Losing your home to the financial effects of one unfortunate medical expense can disrupt your connection with God just as brutally as when half of Israel was hauled off to exile in Babylon, and cut off from their Temple. 


But God is determined to remove those barriers – the order to fill the valleys and level the hills and make level ground that we heard from the prophet Baruch today is God’s preparation to bring those Babylonian exiles home, removing all the barriers that cut them off from God.


Those are the kind of barriers, too, that Episcopal Community Services of New Jersey is created to help remove – the barriers of contemporary life that isolate us from one another and from God. 

Across the diocese, today, congregations have been asked to help launch this work of ECS, a project and network that our bishop has called us to build in order to build connections across this diocese of New Jersey. 

Connections among those who are working to relieve the pain of hunger, homelessness, violence, and oppression that can make God feel distant. Connections to unite our voices and actions to help reshape the world – to remove the barriers of unjust laws, abuses of power, or harmful structures and habits of society that keep many of us from thriving and all of us from truly experiencing the presence of Christ in all our neighbors.
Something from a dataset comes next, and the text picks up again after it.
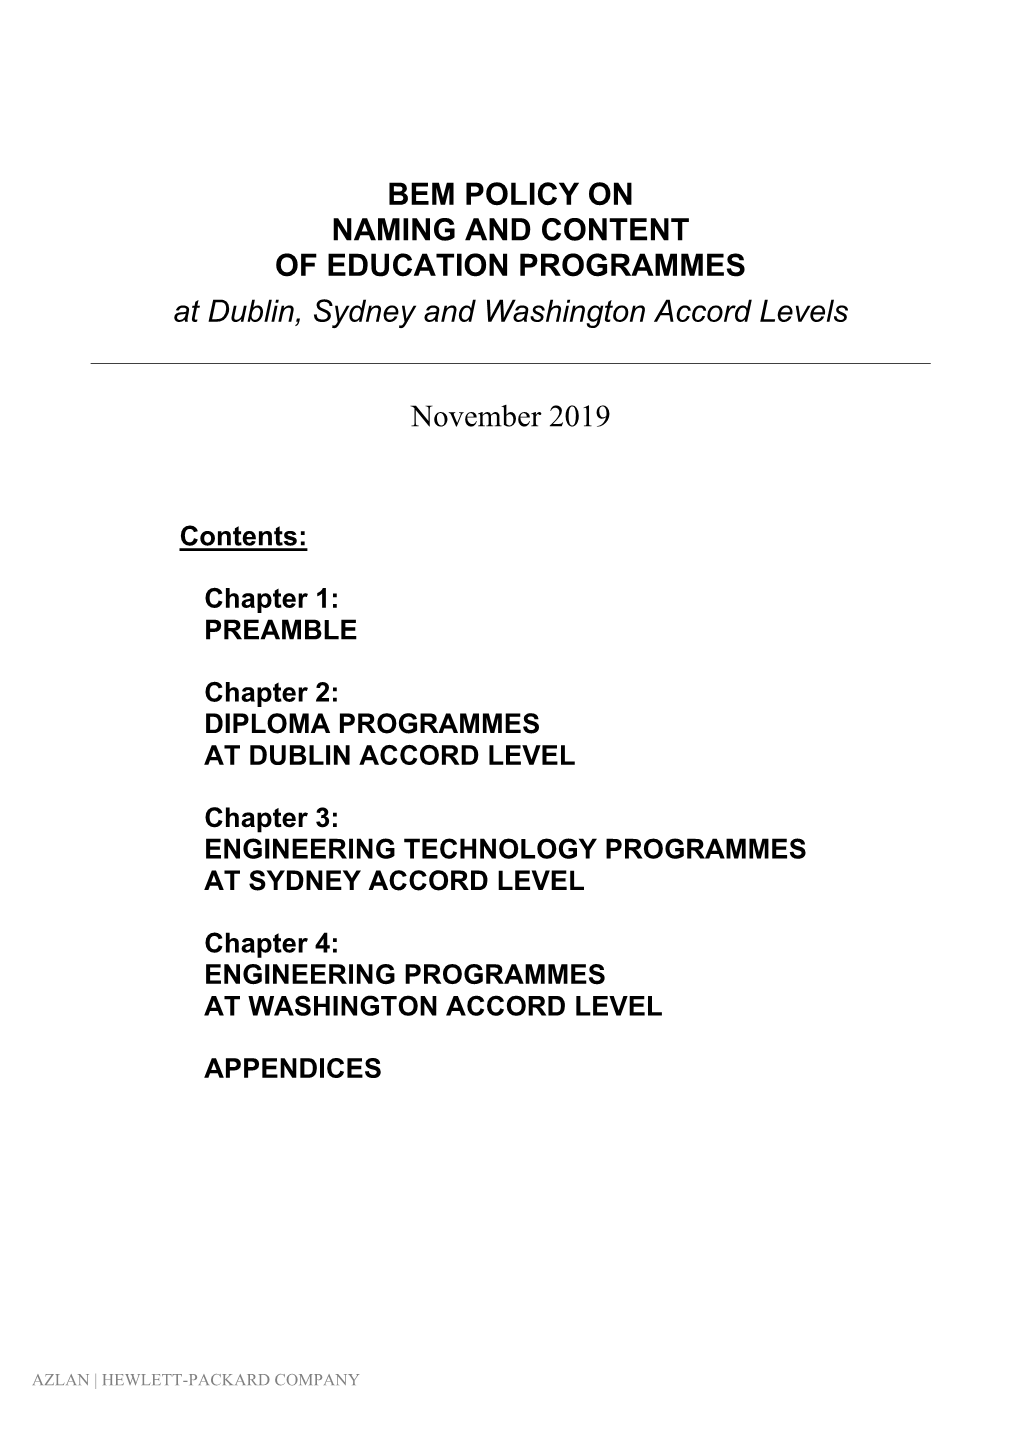 BEM POLICY on NAMING and CONTENT of EDUCATION PROGRAMMES at Dublin, Sydney and Washington Accord Levels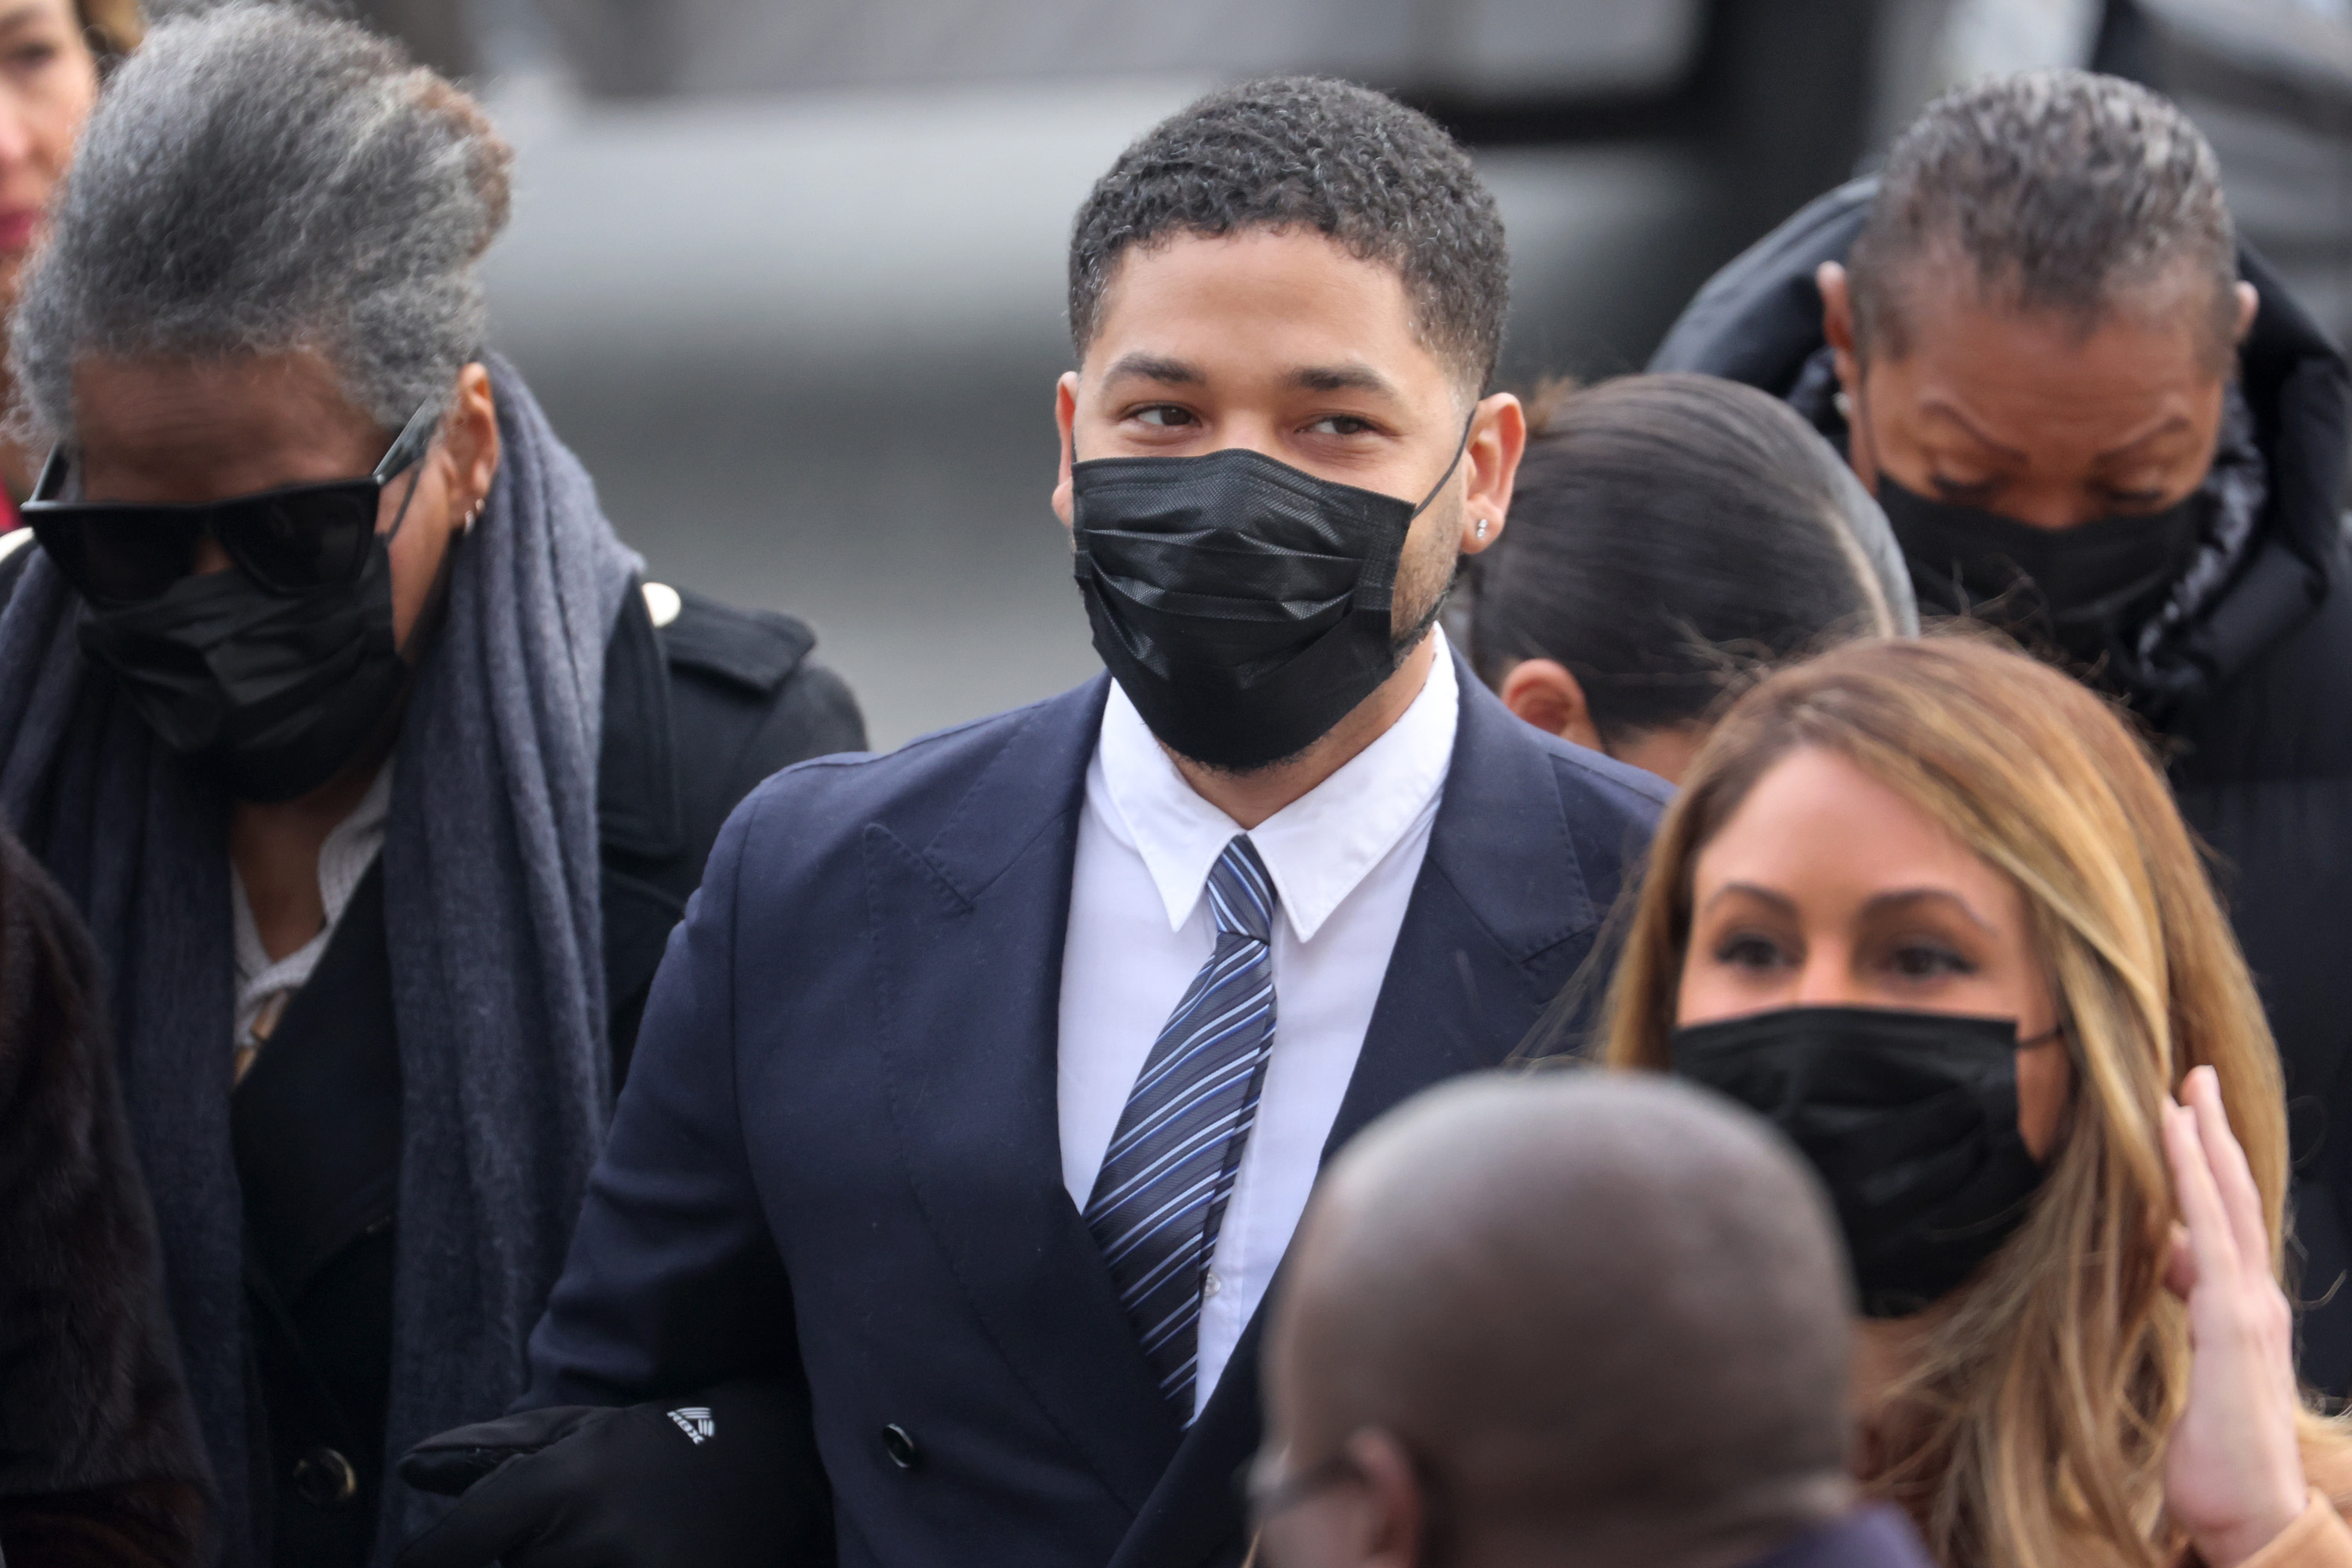 Jussie Smollett arrives at the Leighton Courts Building for the start of jury selection in his trial on November 29, 2021 in Chicago, Illinois.

And connections to provide immediate financial grants to ministries working right now to heal and feed, house and help neighbors in immediate need to bring us all closer to God’s abundance in the world.  

(you’ll hear more about that in a few minutes from Linda Carson)


You and I, at Trinity, are also already involved in several kinds of work to remove those barriers of immediate need – led by our Outreach committee and by dedicated staff and volunteers to feed hungry people and bring joy to people who struggle. 

Many among us – including the racial reconciliation group – are working to learn how to help remove the mountains of habit and culture that separate people from one another today.

Others – including pastoral care volunteers – are working to bridge the valleys of isolation, illness, and loneliness that can make us feel exiled in our own homes.

All of this, so that God’s way to our hearts is wide open, and so that – whatever terrain we find ourselves in – we can see our way straight home to the heart of God. 


Because this coming of God that John’s calling out to us about today isn’t a once upon a time story. It’s a news report of something that has happened, will happen, is happening in the same messy, practical, political, noisy reality that you and I wake up to every day.


John’s out in the wilderness, right now – whether that wilderness is the noisy internet or the cell phone dead spots; the noise of partisan wrangling or the silence of exhausted indifference – in that wilderness, right now, John’s talking to real people, you and me, about the urgent, practical coming of God. And how the real, insurmountable barriers you and I and our neighbors experience must be flattened and removed, because God absolutely won’t be kept out of our real lives. And God won’t let us be kept away from our home in the heart of God.


Not once upon a time,

but in the second year of the Covid pandemic, when Phil Murphy was governor of New Jersey, and the legislatures were re-districting, and Jerome Powell was Chair of the Fed, and Facebook was trying to become Meta,

the word of the Lord comes to the people of Trinity in Moorestown: prepare the way for all barriers to fall – and for your own return to the heart of God, for real, here and now.